申公豹的遁光極快,不出數日,便已抵達南瞻部洲境內,那鬱鬱蔥蔥、綿延萬里的梅山山脈。此地靈氣充沛,卻帶著一絲野性不羈的妖氛,山中多奇花異草,毒蟲勐獸,尋常修士等閒不敢深入。
申公豹按下遁光,落在主峰之下,整理了一下道袍,清了清嗓子,朗聲道:“大商太師聞仲麾下申公豹,特來拜會梅山袁洪道友及諸位英雄!有要事相商,關乎洪荒氣運,還請現身一見!”
聲音不大,卻蘊含法力,穿透層層山林禁制,清晰地傳入梅山深處。
片刻之後,山中妖風驟起,捲起漫天落葉。七道形態各異、卻皆散發著強大妖氣的身影,自不同方向飛射而至,落在申公豹面前。
為首一人,身形挺拔,穿一身亮銀鎖子甲,頭戴鳳翅紫金冠,面如傅粉,唇若塗朱,眼運金光,手持一條烏黑沉重的鑌鐵棍,端的是威風凜凜,正是通臂猿猴袁洪!其修為赫然已至大羅金仙后期,氣息凝練,眼中金光開闔間,隱有桀驁不馴與精明算計之色。
他身後六人:
一人身高丈二,牛首人身,肌肉虯結,手持混鐵棍,乃金大升。
一人尖嘴縮腮,狗頭人身,腰挎雙刀,目光兇狠,乃戴禮。
一人面白無須,頭生彎曲羊角,手持鋼叉,眼神閃爍,乃楊顯。
一人肥頭大耳,豬首人身,挺著大肚,扛著九齒釘耙,乃朱子真。
一人身形瘦長,面色靛藍,手臂似有百節,手持雙股劍,乃吳龍(蜈蚣怪)。
一人身形修長,面容陰柔,吐著蛇信,手持蛇矛,乃常昊(長蛇怪)。
六人皆為大羅中期或大羅初期,神通廣大。
梅山七怪,齊聚!
“申公豹?”袁洪上下打量了申公豹一番,咧嘴一笑,聲音洪亮,“倒是聽過你的名頭,能說會道,專愛管閒事。
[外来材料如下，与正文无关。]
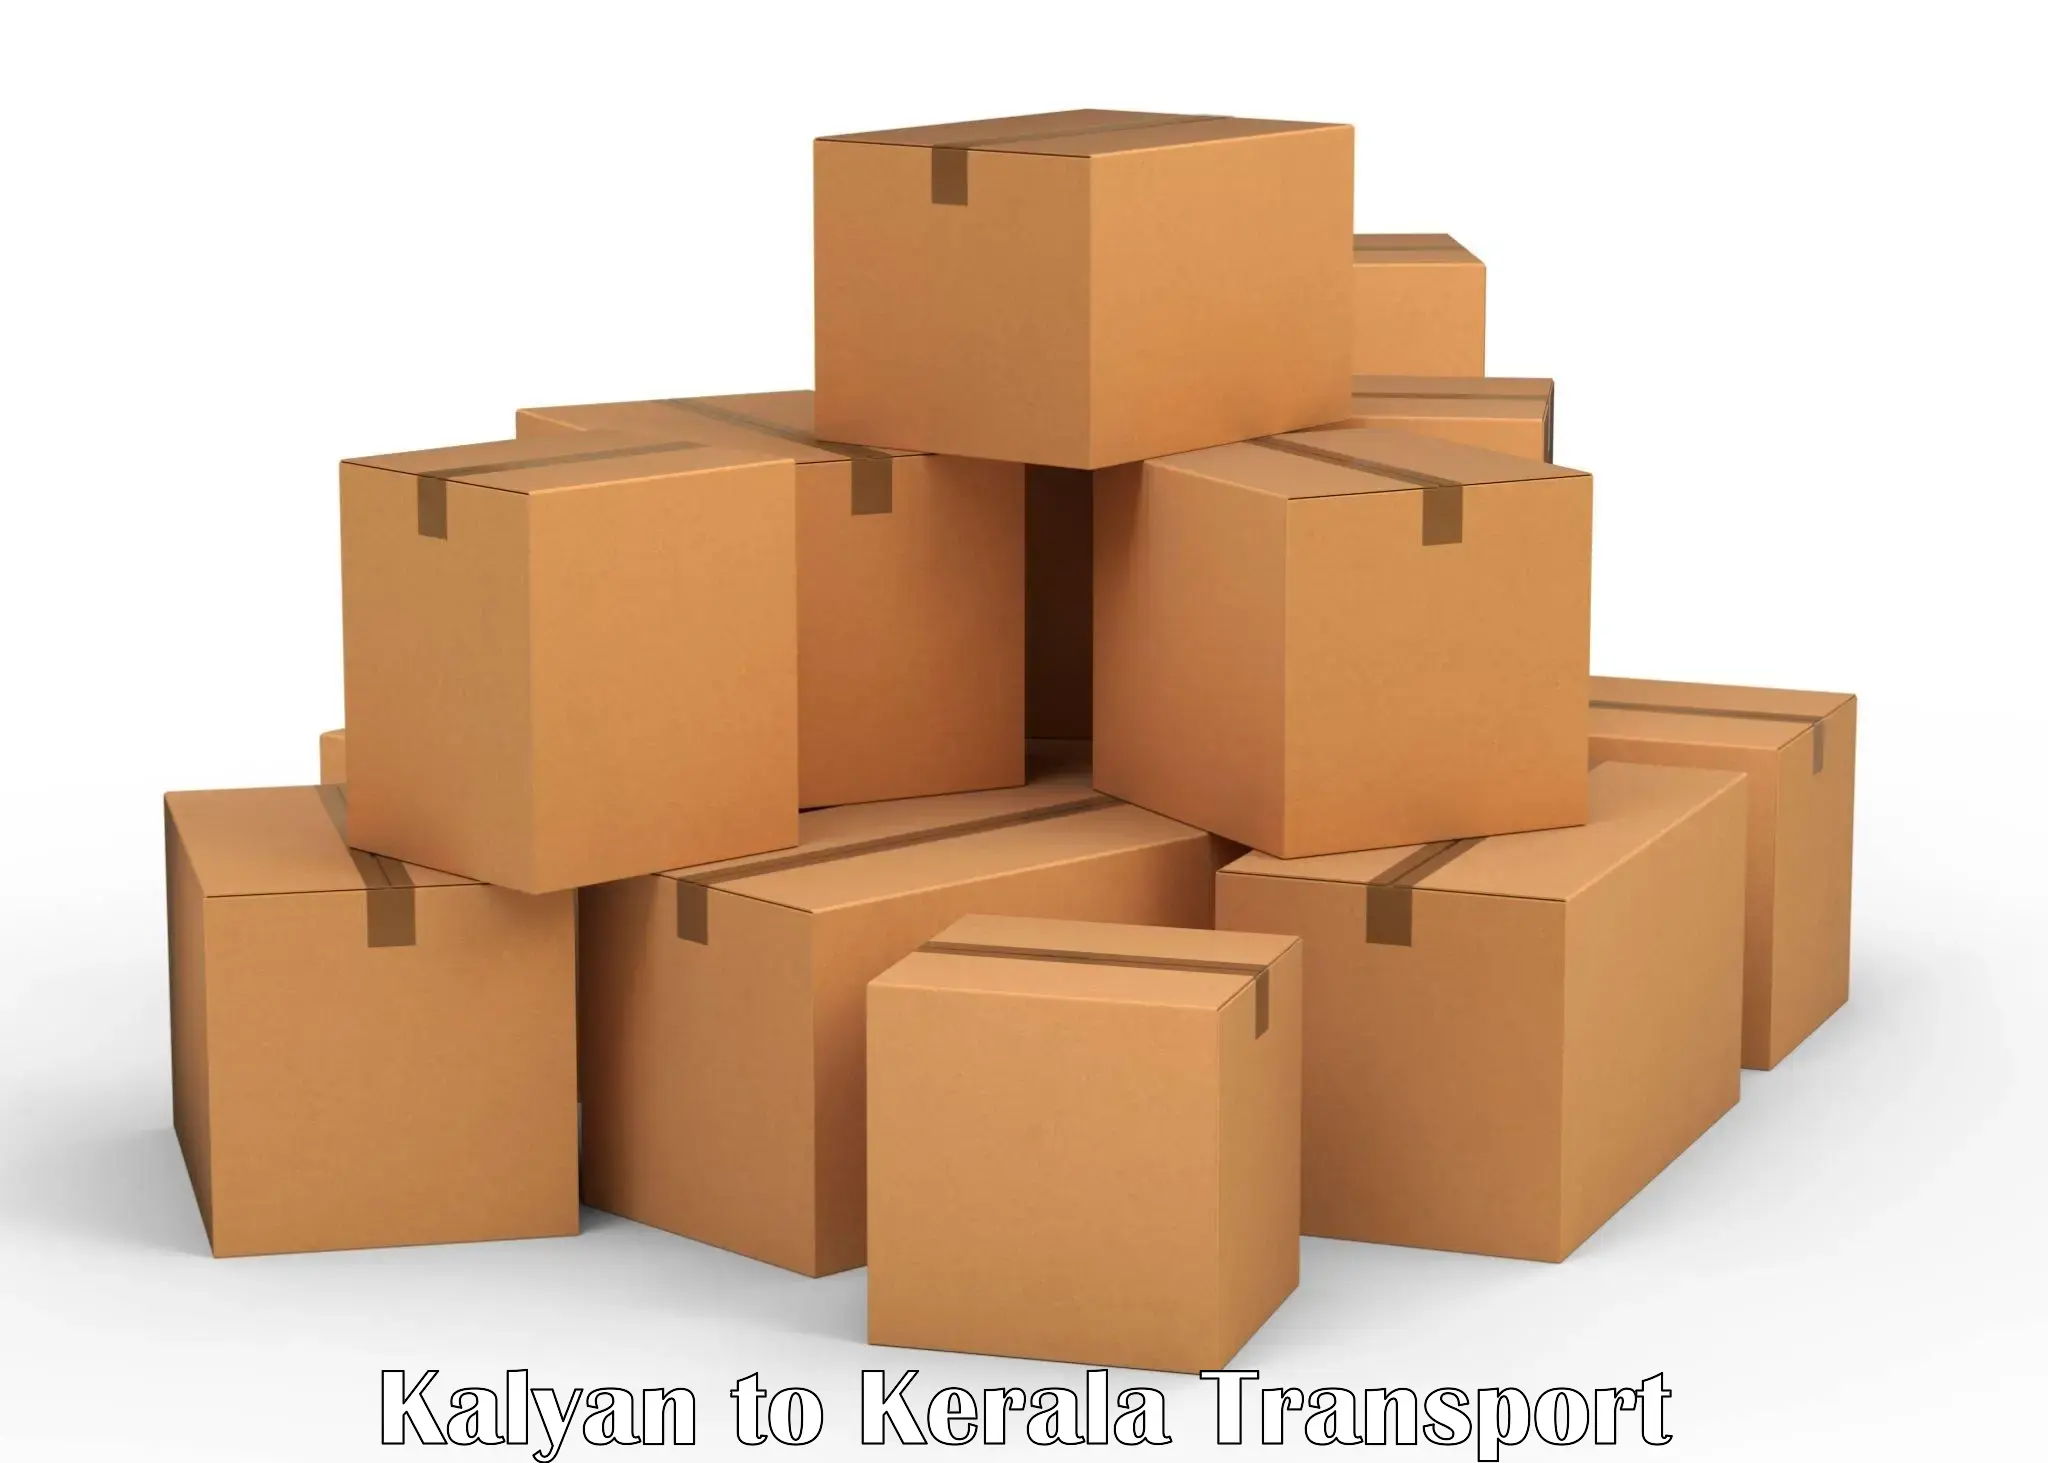 Daily transport service Kalyan to Payyanur
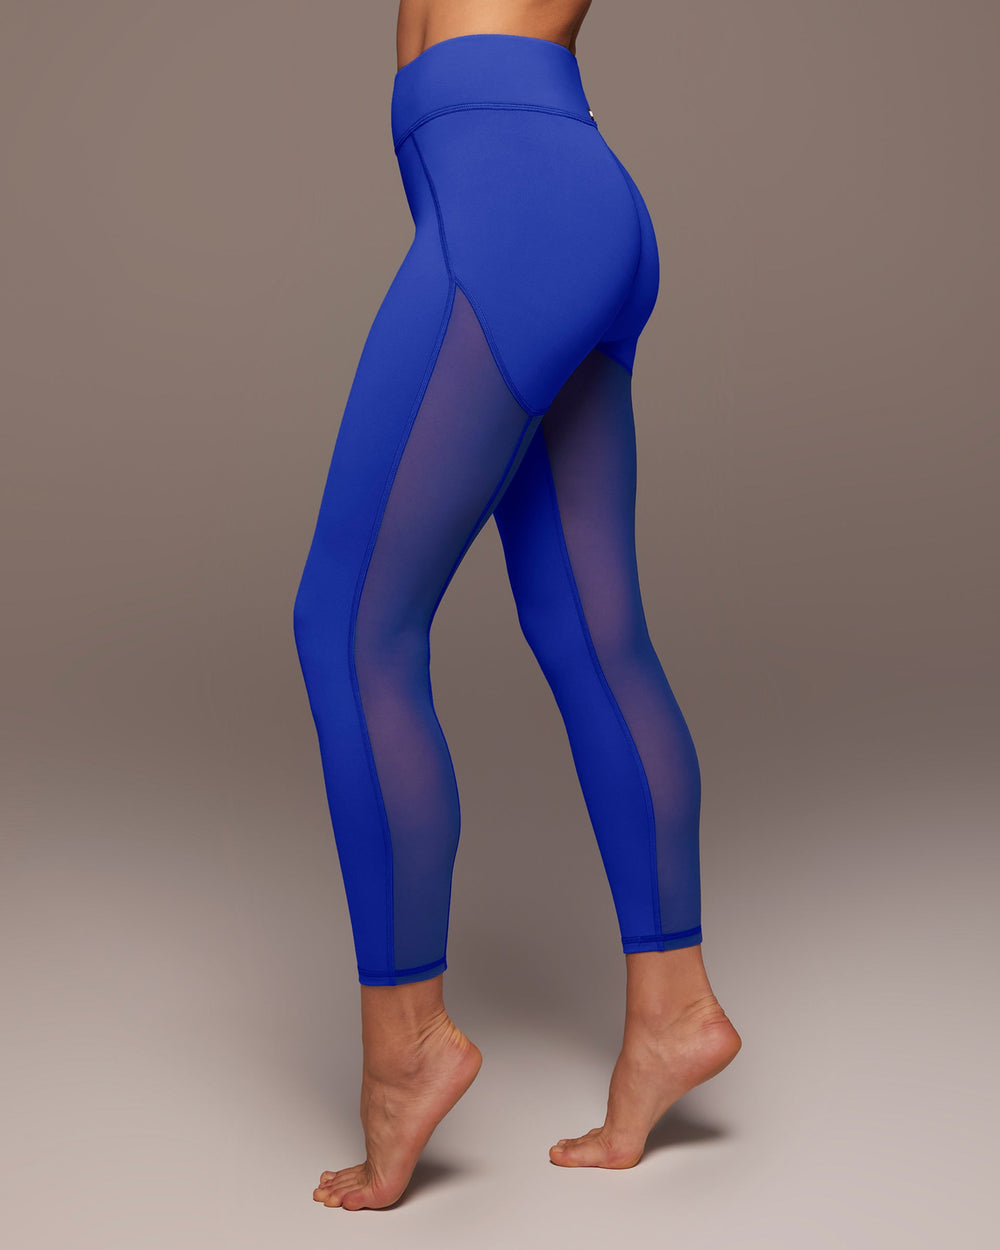 lululemon blue mesh leggings - Hers 2

怎麼,那商紂無道,西岐當興,乃洪荒皆知之事。你不在朝歌或你那聞太師處效力,跑我這梅山野地來作甚?莫不是想勸我等兄弟,去助那失道寡助的殷商?”
他話語直白,帶著妖族特有的直率與狡黠,顯然對洪荒局勢並非一無所知。
申公豹面不改色,拱手笑道:“袁洪道友快人快語,貧道佩服。然道友只知其一,不知其二。所謂紂王無道,西岐當興,不過是崑崙玉虛宮那位聖人,與西方教二位教主,為了一己之私,扶持姬發,打壓異己,妄圖重定洪荒秩序,將萬靈納入其教條掌控之下的說辭罷了!”
他語出驚人,見袁洪等人露出傾聽之色,便繼續侃侃而談:“如今封神大劫,本質乃是玄門三教內部權柄之爭,更是天道藉機清理不馴之仙神。那闡教自詡根正苗紅,視天下萬族如草芥,動輒打殺。截教有教無類,反倒成了他們的眼中釘。道友請看,那戰場上,黃龍真人被擒祭旗,清虛道德真君當場隕落,何等慘烈?非是他們助周,而是他們站錯了隊,成了聖人博弈的棋子與炮灰!”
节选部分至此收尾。